When you have a key employee that has been critical to your business success, you may want to incentivize them to stick around. Some business owners will look at ownership options as a resolution. However, offering an employee ownership is not as simple as it sounds. There are some significant considerations to understand before heading down this path.
Longevity and Engagement
There are some clear benefits to giving your key employees ownership in the company. First, it can incentivize them to stay around longer. Employees who feel that they are going to be a part of the long-term growth and plan of a company will feel like they have skin in the game and can have some control over their own destiny. Instead of looking to jump ship when times get tough, an employee with ownership will feel more obligated to see things through. In addition, an employee with equity ownership will also be more engaged in their work. They will live the brand. They will look for ways to improve company performance, profitability, and long-term success. They will treat the business like their own, because it is!
While there are benefits to giving your key employees ownership, there are definitely some challenges to consider before going this direction. Depending on the legal and tax structure of your business, giving an employee ownership interest in your company could trigger some tax reporting requirements that they are not prepared for. As an owner of the company, your employee will now receive a K-1 to report their income to them at the end of the year (in a Partnership or S Corp situation). As a business owners, you are well-aware that was is reported to you on that K-1, does not always equal to what you received from the company (rarely does it ever come close!). However, this may come as a surprise to your employee. They may have to pay taxes on income that is reported to them, that they never actually received. You may decide in your operating agreement that you will, at a minimum distribute at least a portion of any taxable income to all owners so that they may cover their tax bill, but it’s still not going to line up with the K-1 income and that can confuse and frustrate employees who don’t understand how flow-through taxes work.
In addition to the tax reporting considerations, there are also other key changes that will occur to compensation, employee benefits, retirement plans, etc. In a partnership, for example, an owner cannot be paid as an employee. Owners must be paid using guaranteed payments. This means that the employee will no longer have taxes withheld from their paycheck, but will instead need to set aside taxes for themselves. In an S Corp, an employee can still be paid as an employee, but any employee who has a greater than 2% ownership in a company has different treatment for benefits and retirement accounts.
Distributions are also another key consideration. If you are an S Corp and you take distributions of profit from your company, you will need to ensure you are prepared to share those distributions pro-rata based on your new ownership percentages. For example, if you give an employee 10% ownership in your company, then from this point forward, anytime you take money out of the company, 90% of that will go to you, and 10% of that will go to your employee. If this is your intention, great! But, in many cases, this comes as a surprise to the owner.

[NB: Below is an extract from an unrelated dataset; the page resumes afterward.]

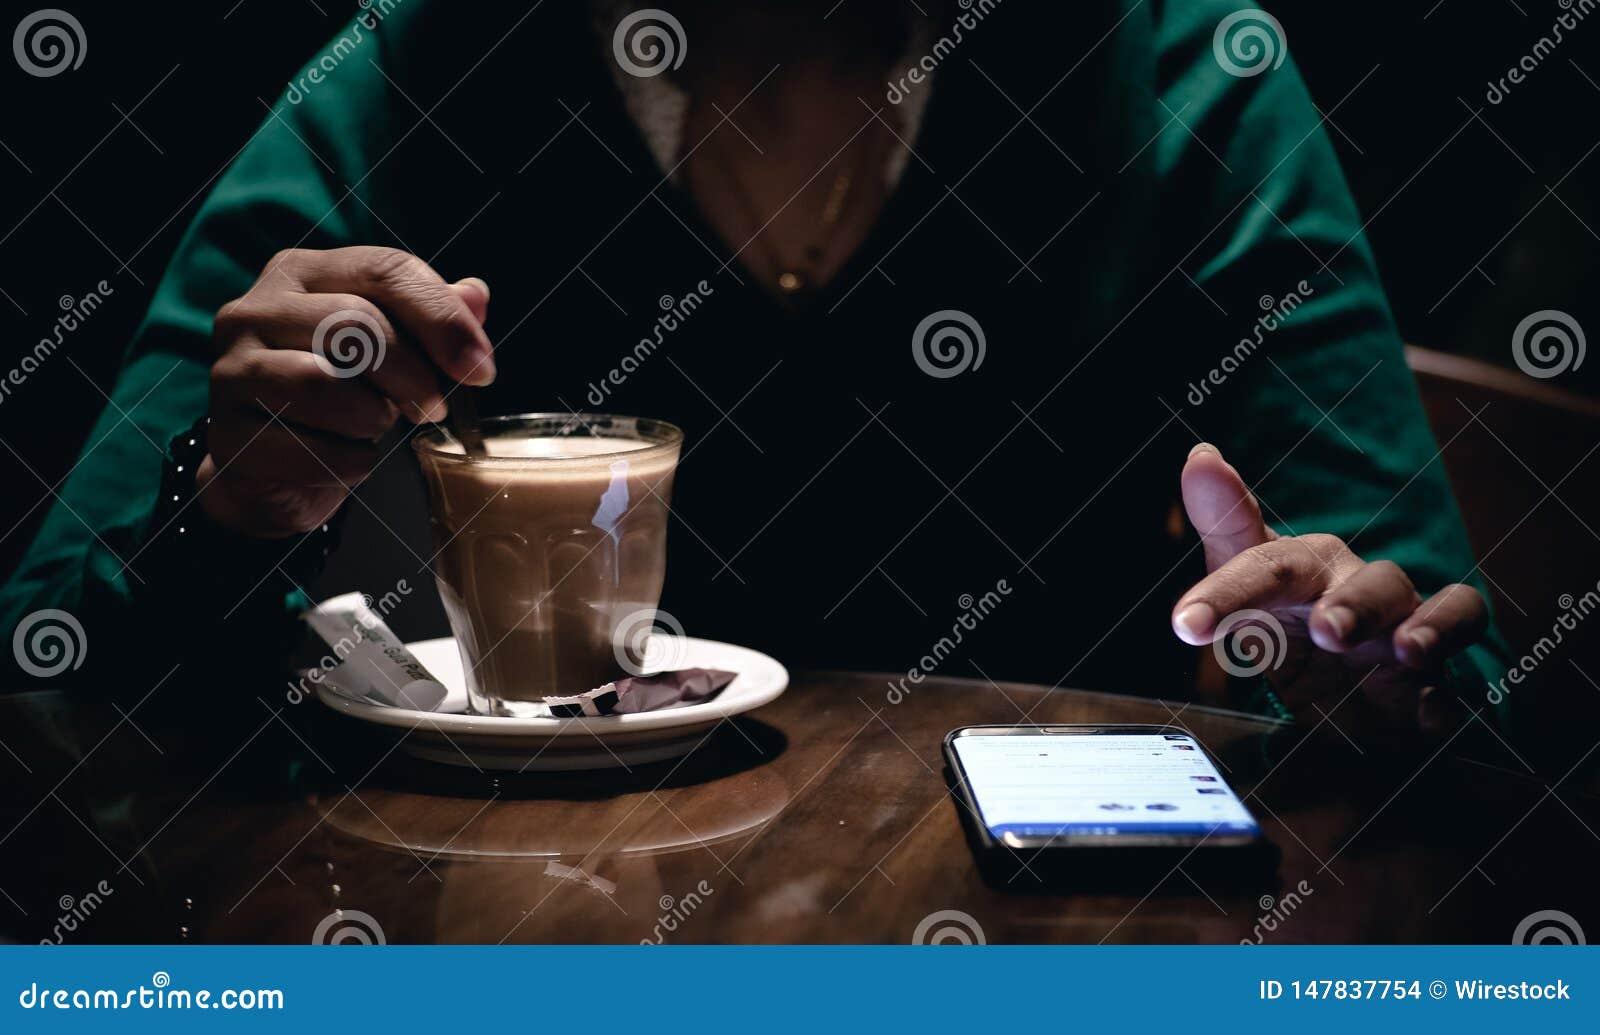 Eine erwachsene Frau unter Verwendung ihres Telefons und trinkenden Kaffees in einer Dunkelkammer

If the ownership route seems a bit too complicated for your company at this time, you may want to consider some alternatives. Incentive plans are a great way to provide long-term motivation for a key employee. You can work with your key employees to develop incentive plans to make the most sense for both the company and the employee. For example, a key employee that oversees your operations may be incentivized on gross margin, because that is the KPI that dictates their success in the role. Alternatively, a key employee in sales and marketing may be incentivized on overall revenue growth year-over-year. The important factor when developing an incentive plan is to ensure it incentivizes the right performance. If you have brought someone in to lead the company, you will want to consider an incentive paid out based on net income or hitting budgeted targets/goals.
If you want to incentivize longevity, increasing the incentive over time will be more beneficial. For example, you may want to pay your President a percentage of net income and increase the percentage every year, up to a certain cap. For example: Year 1 = 5%, Year 2 = 6%, Year 3 = 7%, Year 4 = 8%, Year 5 = 9%, Year 6 and Beyond = 10%. This encourages them to stay long-term. They should benefit both from the increased percentage, in addition to the growth of the company.
Which is Right for You?
If you’ve got key employees that are critical to the long-term success of your business, it may be time to consider offering ownership. Reach out to your attorney and your accountant to ensure you are setting up a plan that will be beneficial for both parties. If you don’t think you’re quite there yet, incentive plans are a great next step for encouraging key employees to stick around.